The pamphlet written by our comrade Rudolf Kraff a former Bavarian officer, entitled Opfer der Kaserne (Victims of the Barracks), puts together valuable material with a skill which only someone with personal experience could possess. The regular compilation by our Party press of details of trials concerning the ill-treatment of soldiers – and of sailors [6] – news of which has come up from time to time, provides an overwhelming mass of material. But this material has unfortunately not yet been worked over. [7] This is an important and profitable task which ought to be put in hand.

Because of our fundamental standpoint we cherish no illusions about militarism. The Scharnhorst decree on military punishment says: “Experience teaches us that recruits can be taught to drill without the use of blows. An officer who thinks this impossible lacks either the necessary ability to teach or a clear understanding of what really constitutes the teaching of drill ...” – and this is theoretically true, but too far in advance of its time to be possible in practice. The ill-treatment of soldiers springs from the very essence of capitalist militarism. The human material is for the most part, as far as the mind is concerned, and to an even greater extent as far as the body is concerned, not fitted for the demands made upon it by military life, especially those of the parade drill. More and more young men enter the army whose outlook is hostile and dangerous to the military spirit, It is necessary to tear out a part of the soul of these “fellows”, and instil a new spirit of patriotism and loyalty to the crown. All these tasks cannot be solved by even the cleverest instructors, let alone the kind of instructors at the disposal of militarism. Here again, therefore, militarism must be more economical than it would like to be. [8]

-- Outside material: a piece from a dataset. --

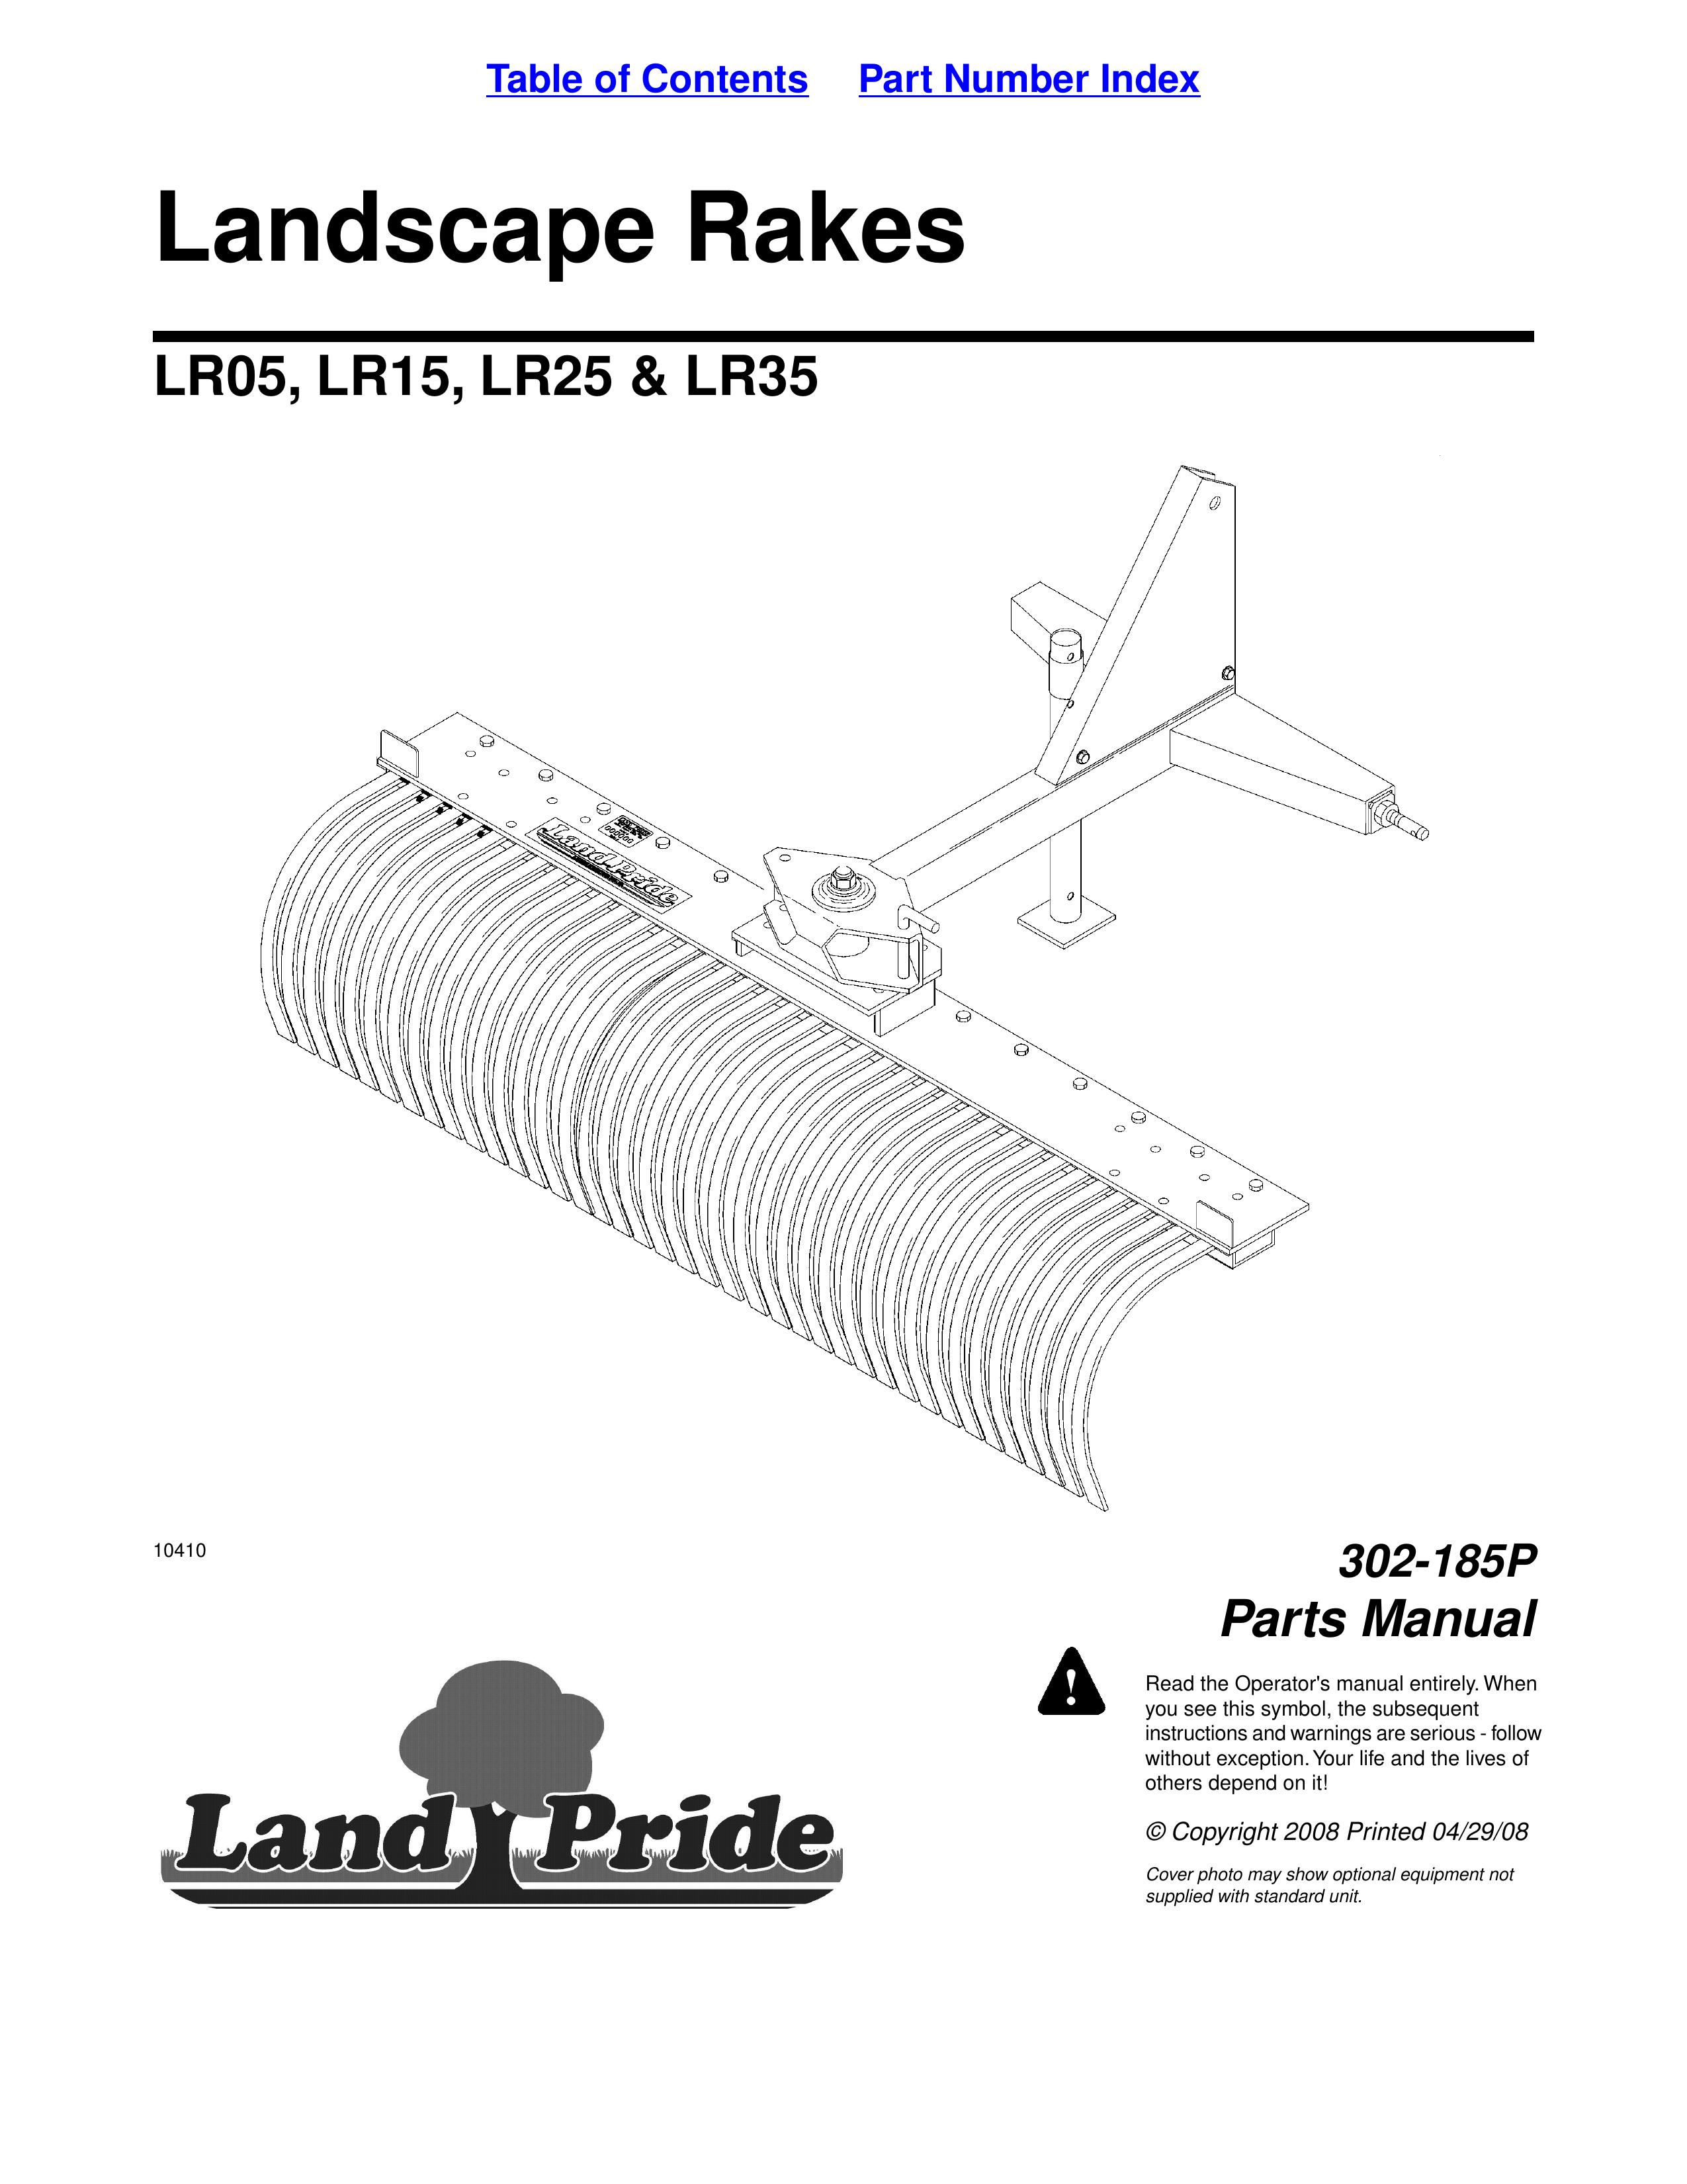 Land Pride LR05 Wok User Manual

And the existence of these military instructors is by no means assured. They are entirely dependent on the goodwill, on the whim of their superiors. They may expect to be sacked at any moment if they cease to perform their main task – that of fashioning the soldiers after the image of militarism. This is an excellent means of ensuring the pliability of the whole apparatus of military officers (commissioned and non-commissioned) in the hands of the authority in command. One can easily understand that such superiors drill the men with a nervous ruthlessness which soon comes to no more than the statement: “If you do not obey orders I will use violence”. And this violence is finally employed in the form of ill-treatment by the superior ranks, who have absolute power of life and death over their subordinates, themselves in a position of unconditional subjection. But it is a natural and humanly necessary consequence, and even the newly baked Japanese militarism quickly found itself involved in the same methods. [9] Militarism finds itself therefore, in this dilemma too.

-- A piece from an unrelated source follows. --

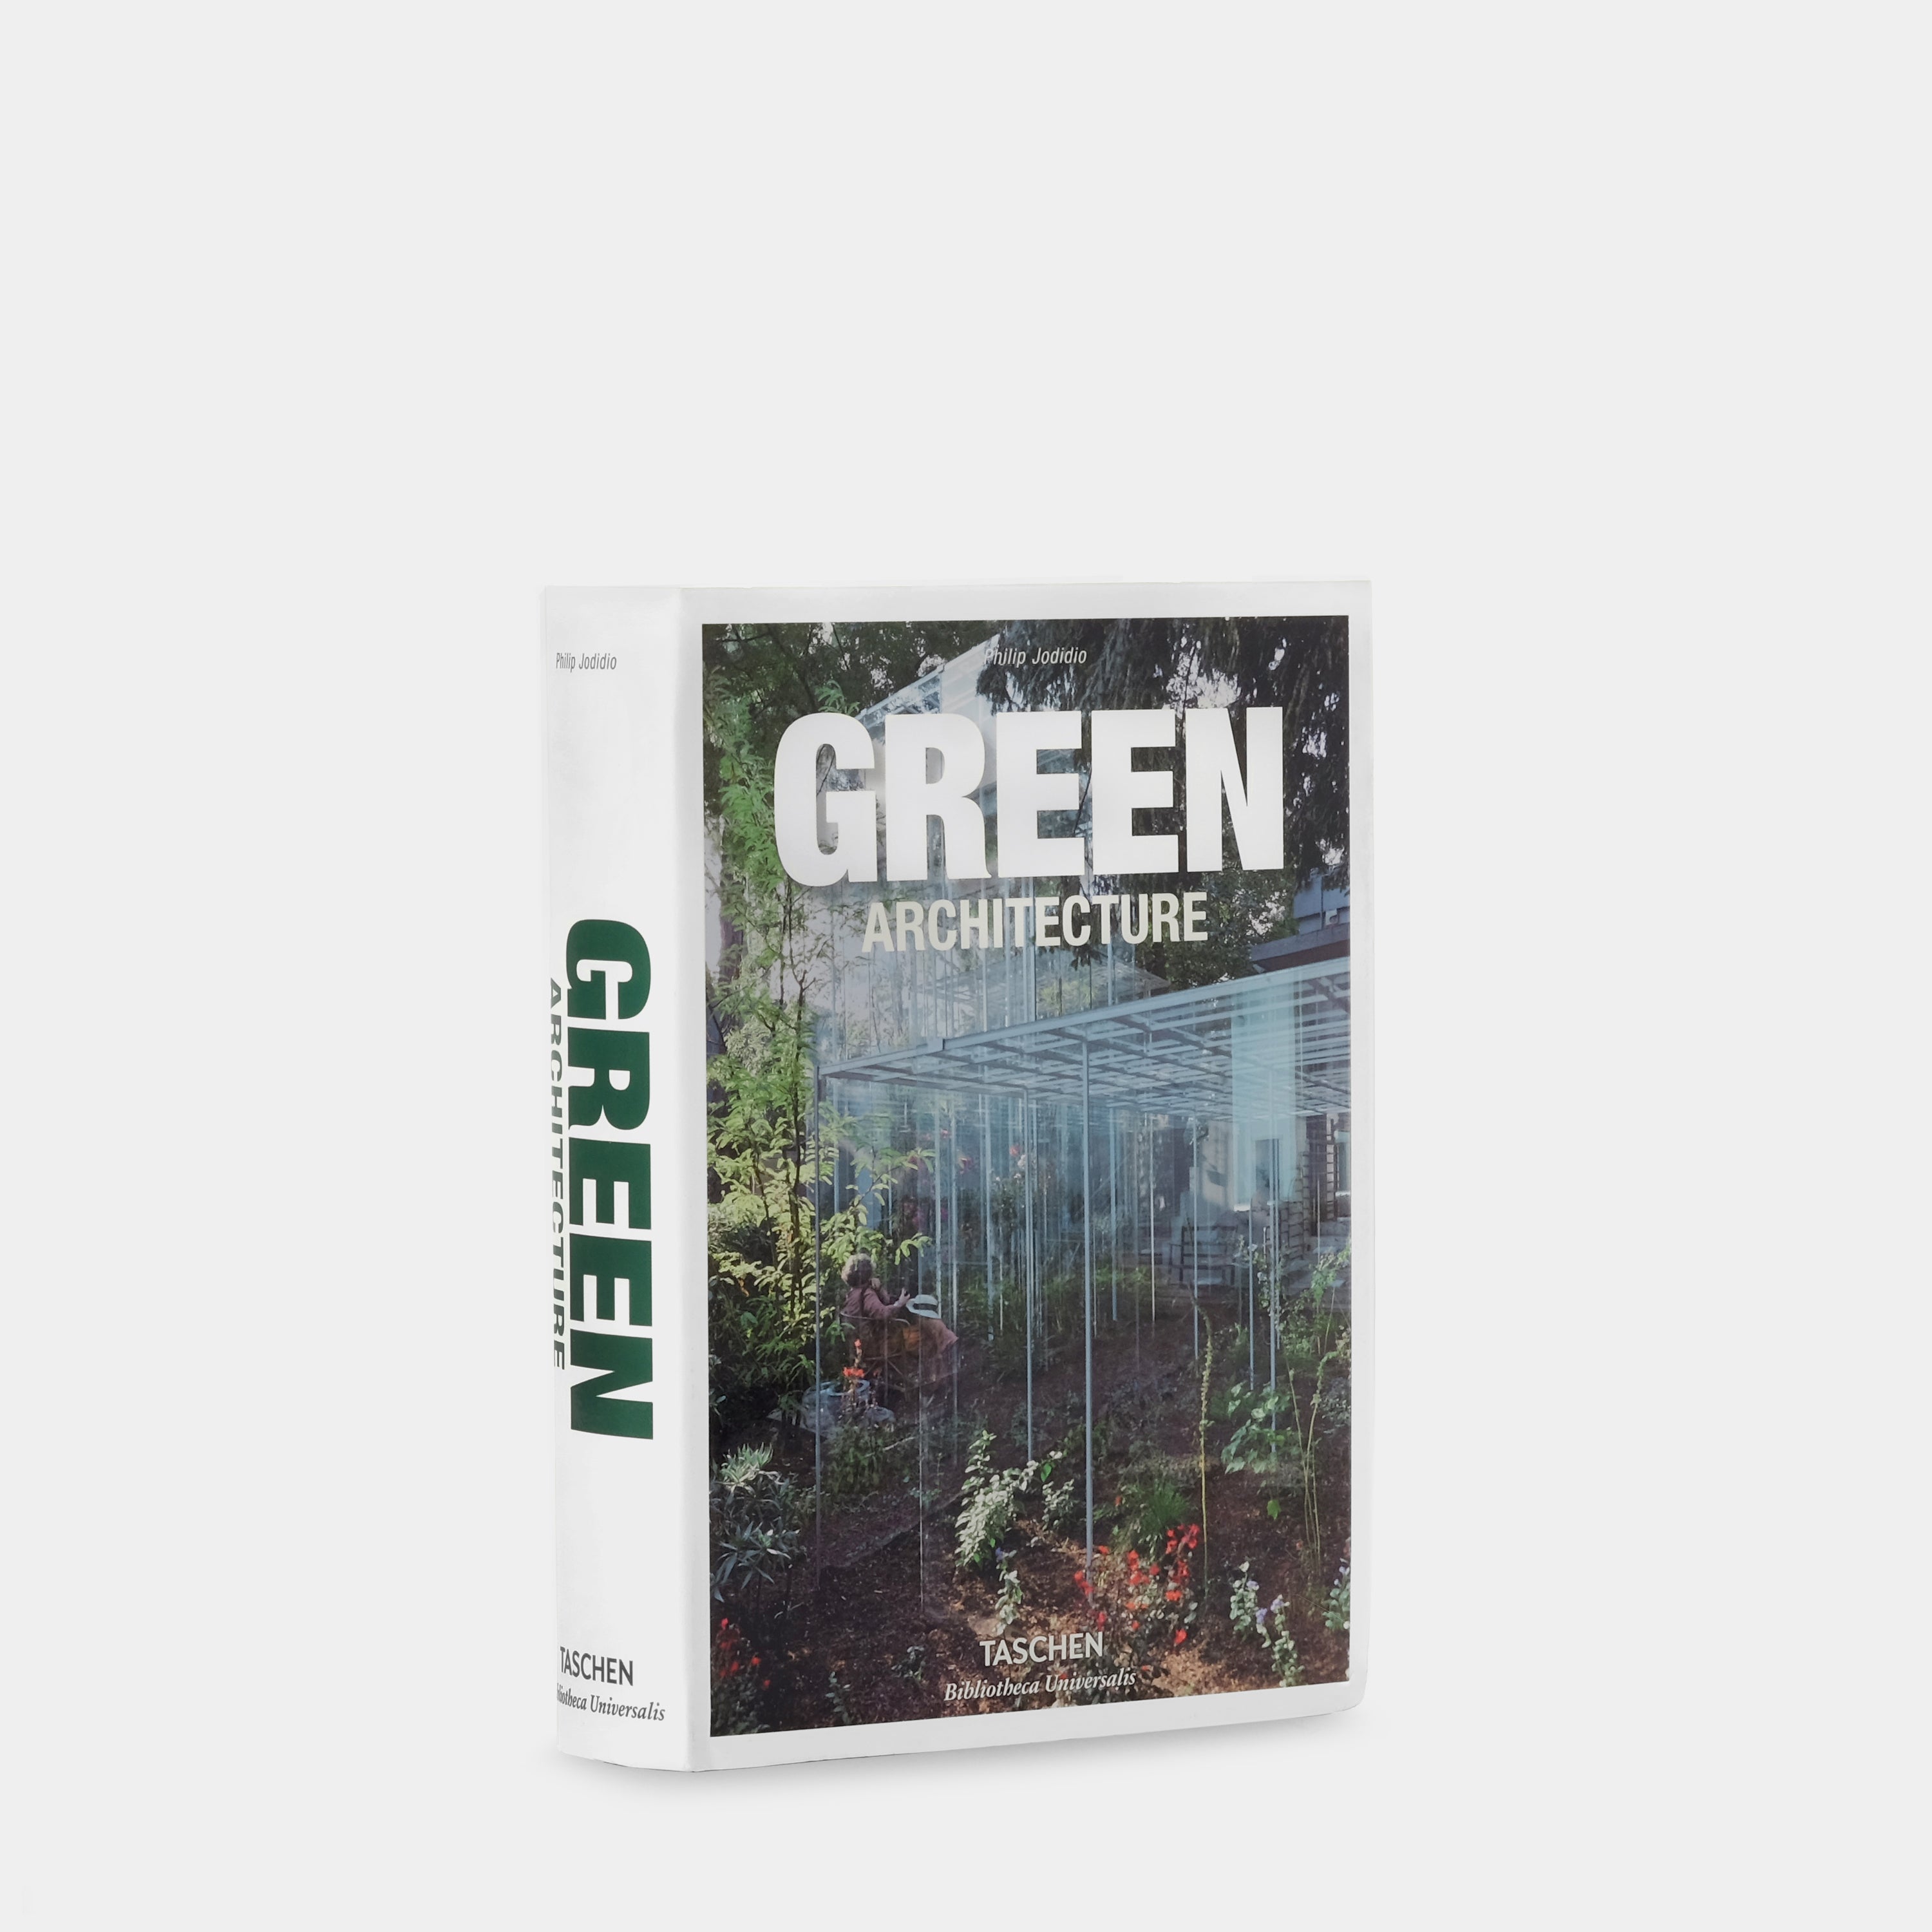 Green Architecture by Philip Jodidio Taschen Book

The causes of such “pleasures of military life” are of course varied. The degree of education of the people, above all, exercises a strong moderating influence. [10] And it is not surprising that even French colonial militarism contrasts favourably with the militarism of the Prusso-German fatherland. [11]

But this method of wing violence as a disciplinary measure, which is due to a necessity inherent in the system, provides us with excellent means of fighting militarism at its roots and of achieving success, of stirring up ever greater masses of the people and of spreading consciousness among strata which it would otherwise be impossible, or at least much more difficult, to reach. Ill-treatment of soldiers together with military class justice is one of the manifestations of the uncivilized character of capitalism which makes people most angry. Since it is at the same time an underground menace to military discipline, it is the most powerful weapon in the hands of the proletariat in its struggle for freedom. This sin of capitalism is turned back with double force against itself. However penitent the sinner, whether in genuine contrition or in the manner of the fox in a children’s story, we must not allow these weapons to be snatched from us, for in spite of his sackcloth and ashes this sinner is incorrigible.

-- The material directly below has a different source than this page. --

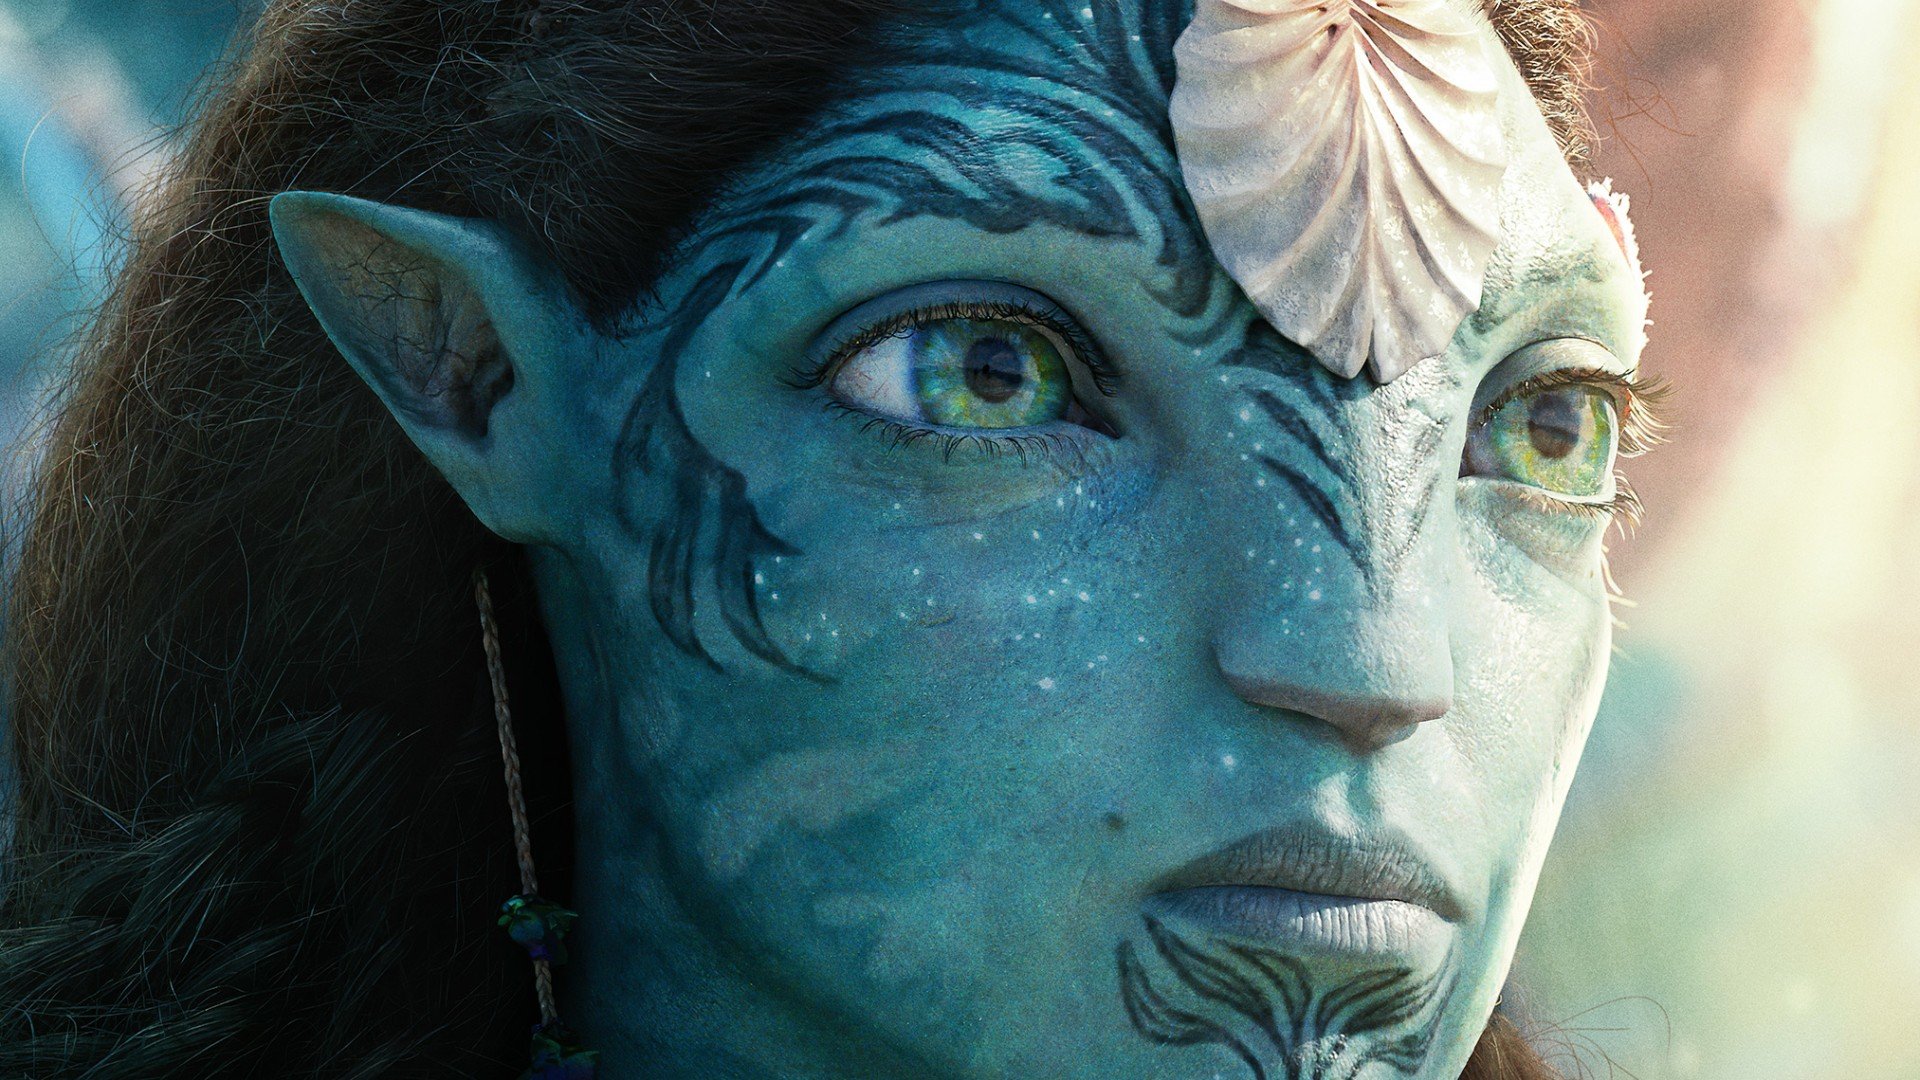 Fondos de pantalla Ronal Avatar: El Camino del Agua

2. The cost of militarism, or La douloureuse

Another dilemma

Historical materialism, the theory of dialectical development, is the doctrine of the essential necessity of retribution. Every class society is doomed to self-destruction. Every class society is a force which wants to do evil and does what is good, as it wants to do good but must do evil. It is doomed to destruction by the inherited sin of its class character, for, whether it likes it or not, it must eventually produce the Oedipus which will strike it down – but unlike the legendary Theban, in full consciousness of parricide. This applies in any case to the capitalist social order and to the proletariat.

The ruling class of capitalism would of course like to look after its financial interests without being disturbed. But the peace which it would like is neither permitted by capitalist competition, national or international, nor does it suit for any length of time the taste of those from whose skin capitalism cuts its thongs. It is therefore necessary for capitalism to build a terrible fortress of domination, bristling with weapons, in order to protect the system of wage slavery and the divine right of profit. But even though capitalism requires militarism, it by no means finds the cost of militarism agreeable; on the contrary, it finds it very disagreeable. Yet since in our day it is no longer possible, according to the old prescription of Cadmus, to sow teeth and to see armed soldiers spring up out of the ground, there is nothing to be done but to put up with the greed of militarism and to feed its insatiable hunger. The budget discussions which take place every year in the parliaments show how much pain this financial question causes to the ruling classes. Capitalism, which is addicted to surplus value, is once again hit in its weak spot – finance. The fact that it costs so much is the only thing which keeps militarism within some kind of limit, at least in so far as the cost has to be borne by the bourgeoisie itself. But of course the morality of profit seeks and finds a convenient and miserly way out, by piling the greatest part or at least a large part of the burden on the shoulders of those strata of the population which are not only the weakest, but are also the very groups whose suppression and exploitation is the chief purpose of militarism. Like other ruling classes in other societies, the capitalist classes make use of their position of domination, which is based essentially on the exploitation of the proletariat, to force the oppressed and exploited classes not only to forge their own chains but also to help pay for them. It is not enough that the sons of the people are made into torturers of the people – even the pay of these torturers is wrung to the utmost from the sweat and blood of the people itself. And even if the provocative and bloody nature of this robbery sometimes comes to the surface, capitalism still remains true unto death to its faith – faith in the golden calf.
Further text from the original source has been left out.